One simple example of radioactive decay are the tritium lights, as for example used in fishing to attract fish.
These lights have a usable lifetime of about 12 years.
The idea is to measure the light output of such a light for one year, and see if apart from the normal decay curve there are any cyclic effects.
I ran this simple experiment for one year, and here you find the acquired data, pictures of the setup, circuit diagrams, and source code.
No analysis of the acquired data yet, working on it.
Here is the setup;

A picture says often more than a thousand words, so here you go

All starts with two photo detectors mounted against a tritium light tube:

The tritium light tube is glued to a metal heatsink that is kept at a steady temperature to within half a degree centigrade, just a little above the maximum expected environmental temperature (not counting freak global warming).
Luckily that did not happen..
Photo detectors and tritium tube side view:

The photo detectors together with the measurement electronics, voltage references, and temperature sensor are mounted within a small black light proof box:

This box is mounted on a 100x160 mm bigger circuit board, that sits in an metal case;

Thermal insulation is provided, to reduce power required for heating the measurement setup, the black box is offset from the main board too:

More thermal insulation, a beeper warns if the experiment needs attention (one year alarm, temperature alarm, power failure alarm, etc etc):

The other side of the main board with batteries for backup if a power failure happens.
There is also a RS232 serial connection for the PC, an alarm reset switch, 2 warning lights (one a blue flashing light):

The circuit diagrams, this is the black box electronics:
I make these sketches and then solder it together, do not try anything like that if you do not have not a lot of experience designing and building electronics, and writing code, as then it will not work:

The same goes for the main board electronics:

One year passed, got the data out, cleared the EEPROMs, and restarted the experiment for an other year long run, did not calibrate the clock....:

ASM source code, made available under the GPL, this was assembled with gpasm-0.13.7 beta running on Linux:
Click here to download tri.asm, the source code for the PIC 18F14K22 in the black box.
Click here to download mon.asm, the source code for the PIC 18F14K22 on the main board.

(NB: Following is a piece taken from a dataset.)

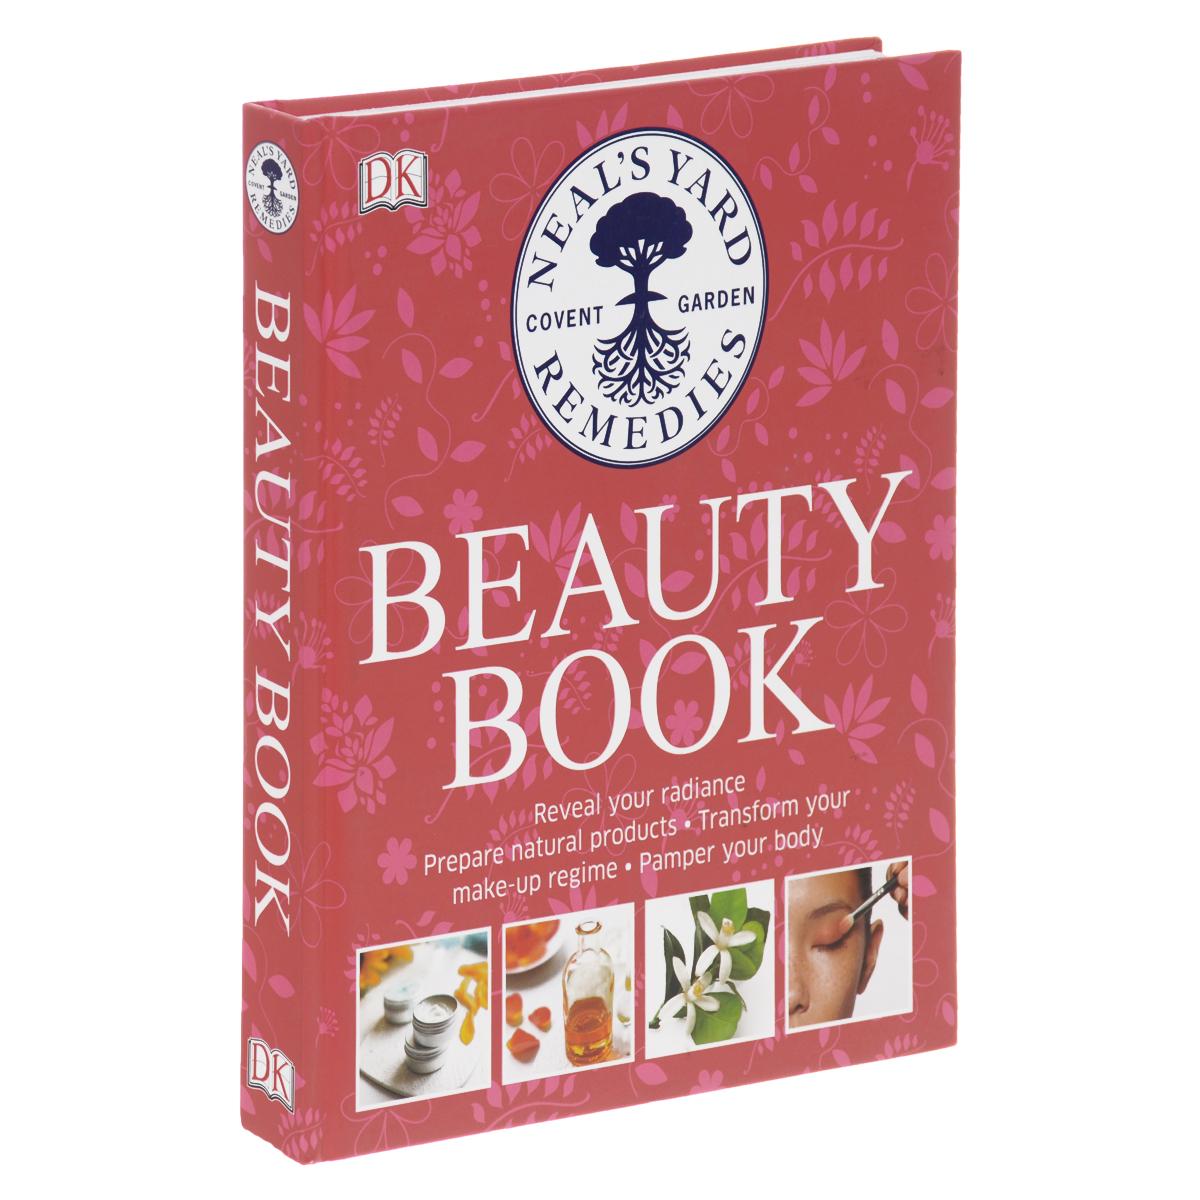 Neal's Yard: Beauty Book

The user interface presents a menu, here the choices: menu

The one year acquired data from 2012 to May 14 2013 with this setup:
Click here to download one year of acquired data (2012 to May 14 2013).

The one year acquired data from May 14 2013 to May 14 2014 with this setup:
Click here to download one year of acquired data (May 14 2013 to May 16 2014).

The one year acquired data from May 16 2014 to May 16 2015 with this setup:
Click here to download one year of acquired data (May 16 2014 to May 16 2015).

The one year acquired data from May 16 2015 to May 16 2016 with this setup:
Click here to download one year of acquired data (May 16 2015 to May 16 2016).

I have had many reactions via email, thank you all for the effort.

Here are some things I received:
Romain Clement de givry made an Exel table from the data:

Paul McGill did an analysis of the second year data:
Interesting in this is that there seems to be a similar seasonal variation as in the original experiment here:
Evidence for Correlations Between Nuclear Decay Rates and Earth-Sun Distance

Click here for some programs I make available under the GPL.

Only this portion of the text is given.